• **Task description**:
Print the listing below verbatim, passing over each picture.

• **Source material**:

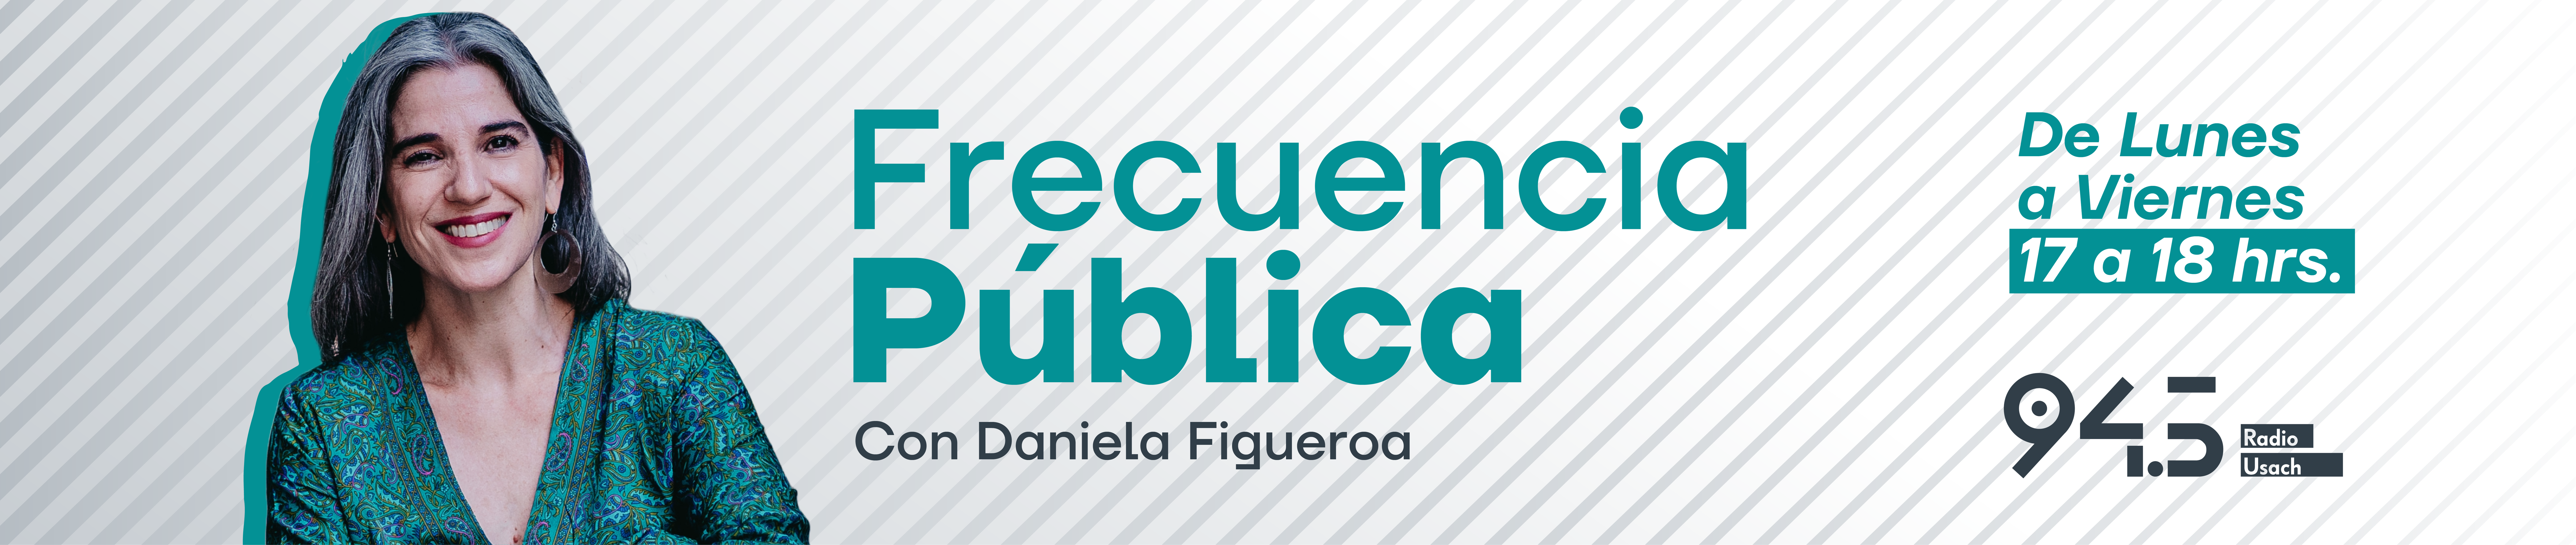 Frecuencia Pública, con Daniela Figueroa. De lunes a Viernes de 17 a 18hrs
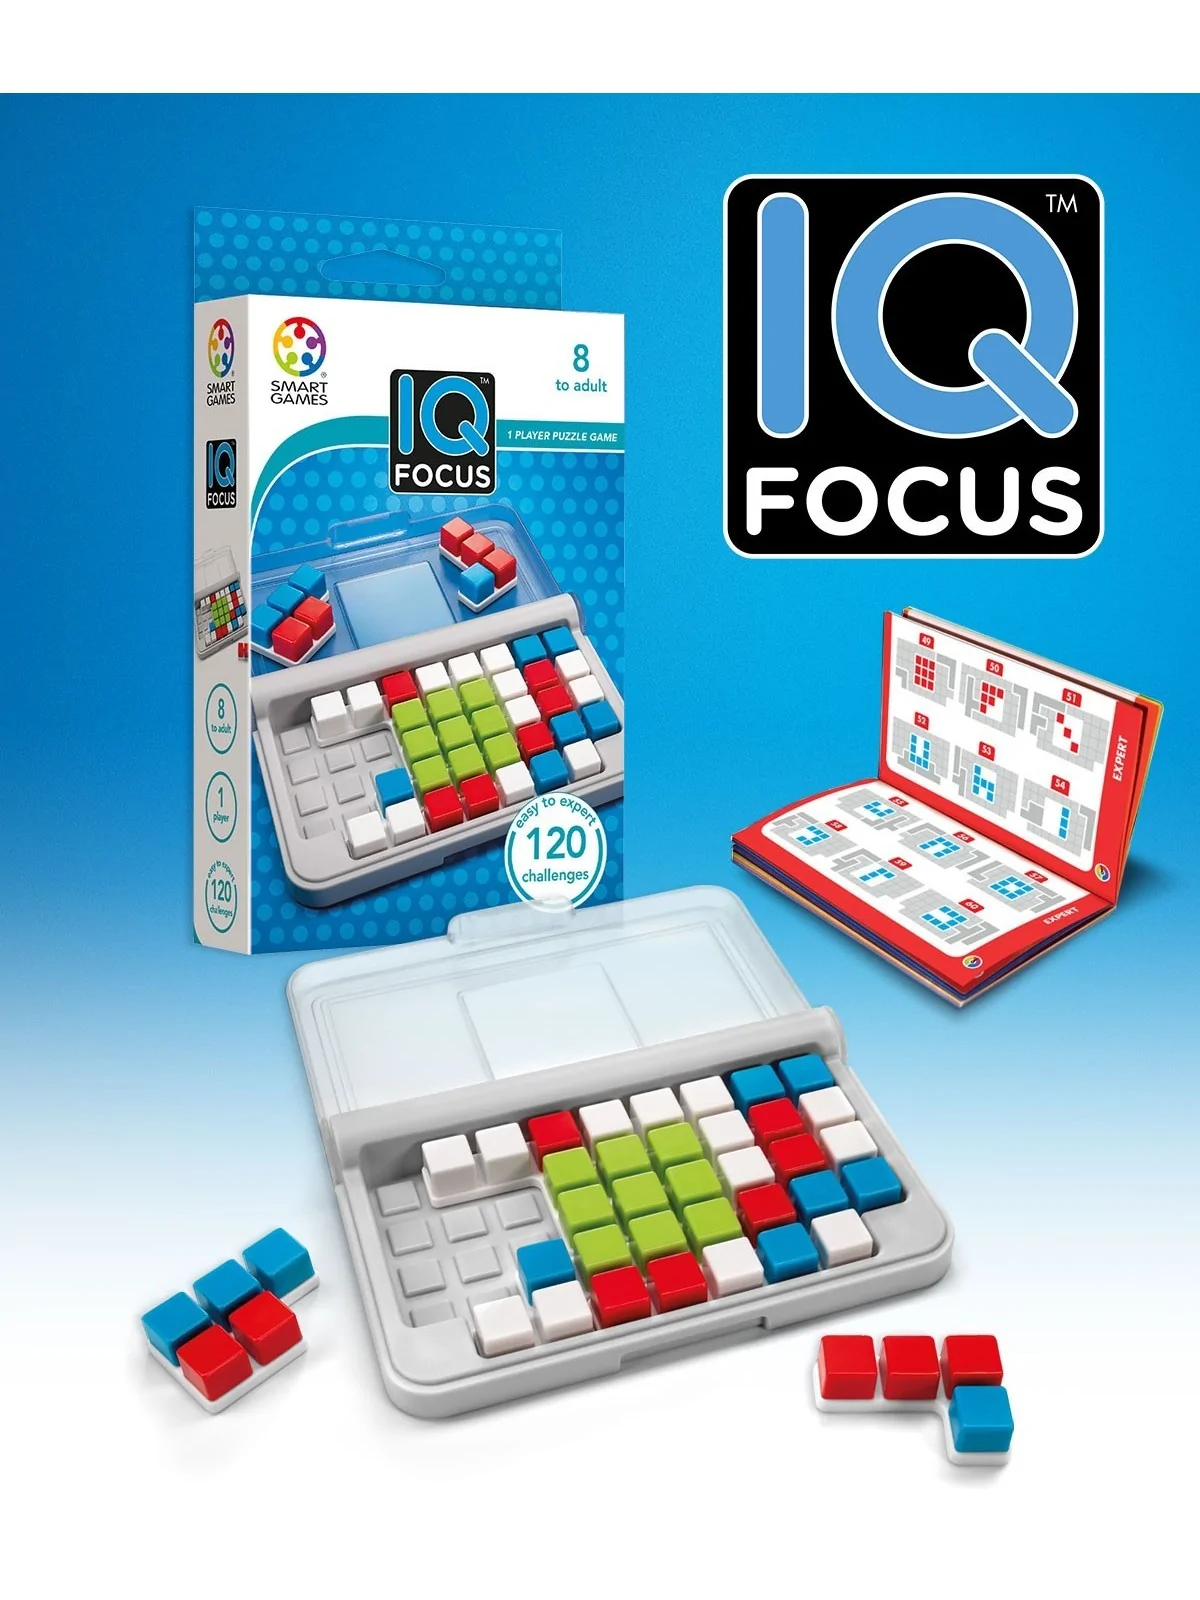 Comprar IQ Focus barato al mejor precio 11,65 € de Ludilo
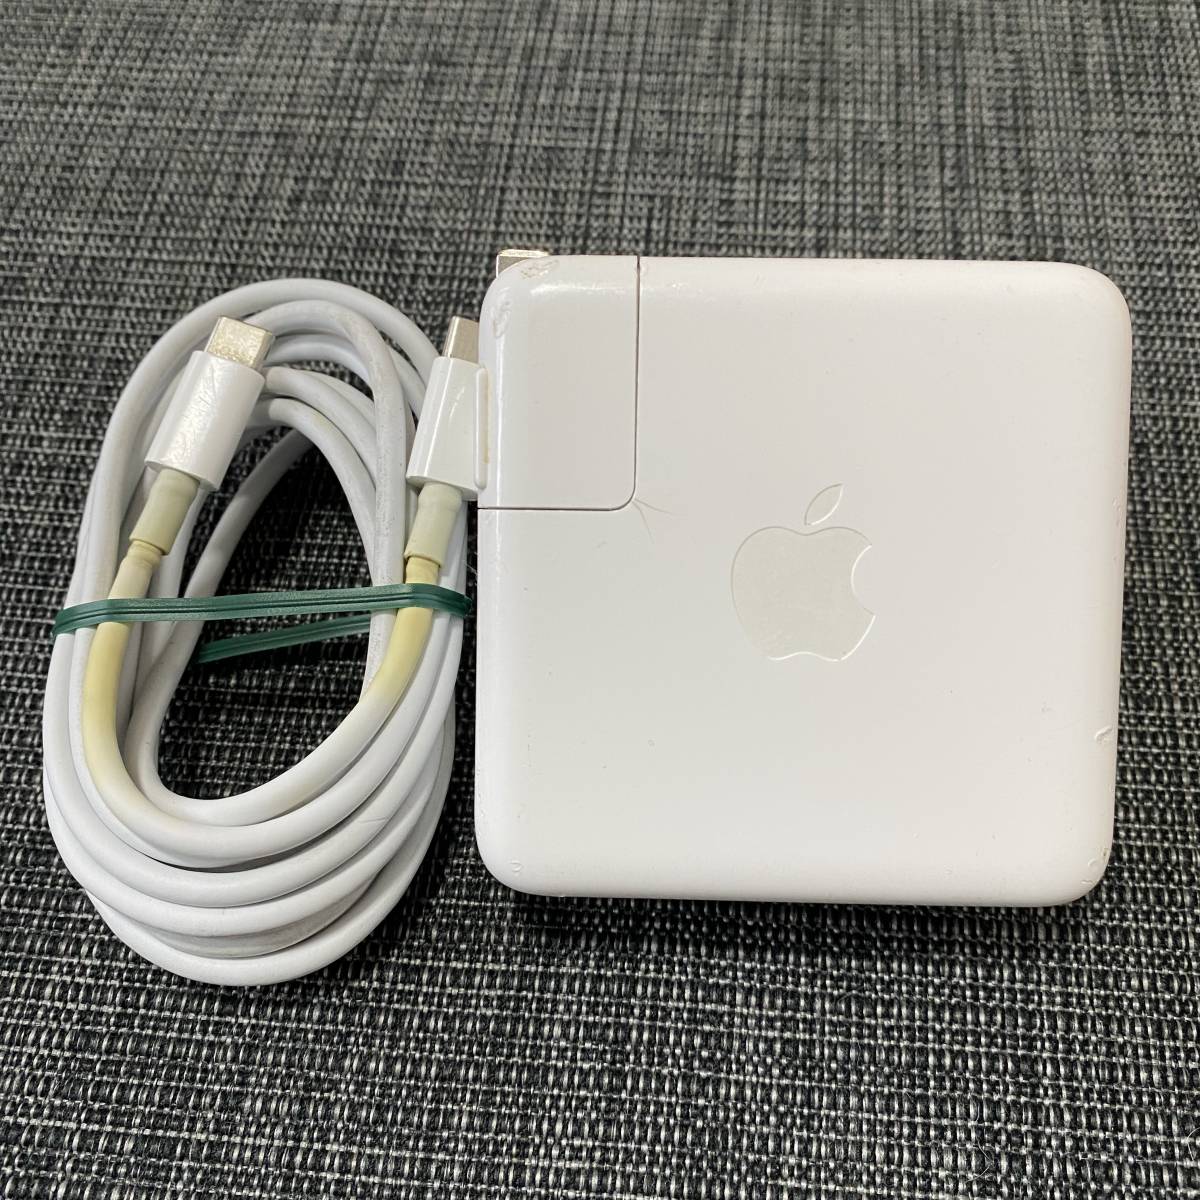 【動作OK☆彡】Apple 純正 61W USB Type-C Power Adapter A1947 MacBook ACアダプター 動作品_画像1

• **Answer to the exercise**:
 Frecuencia Pública, con Daniela Figueroa. De lunes a Viernes de 17 a 18hrs
 Comprar IQ Focus barato al mejor precio 11,65 € de Ludilo
 【動作OK☆彡】Apple 純正 61W USB Type-C Power Adapter A1947 MacBook ACアダプター 動作品_画像1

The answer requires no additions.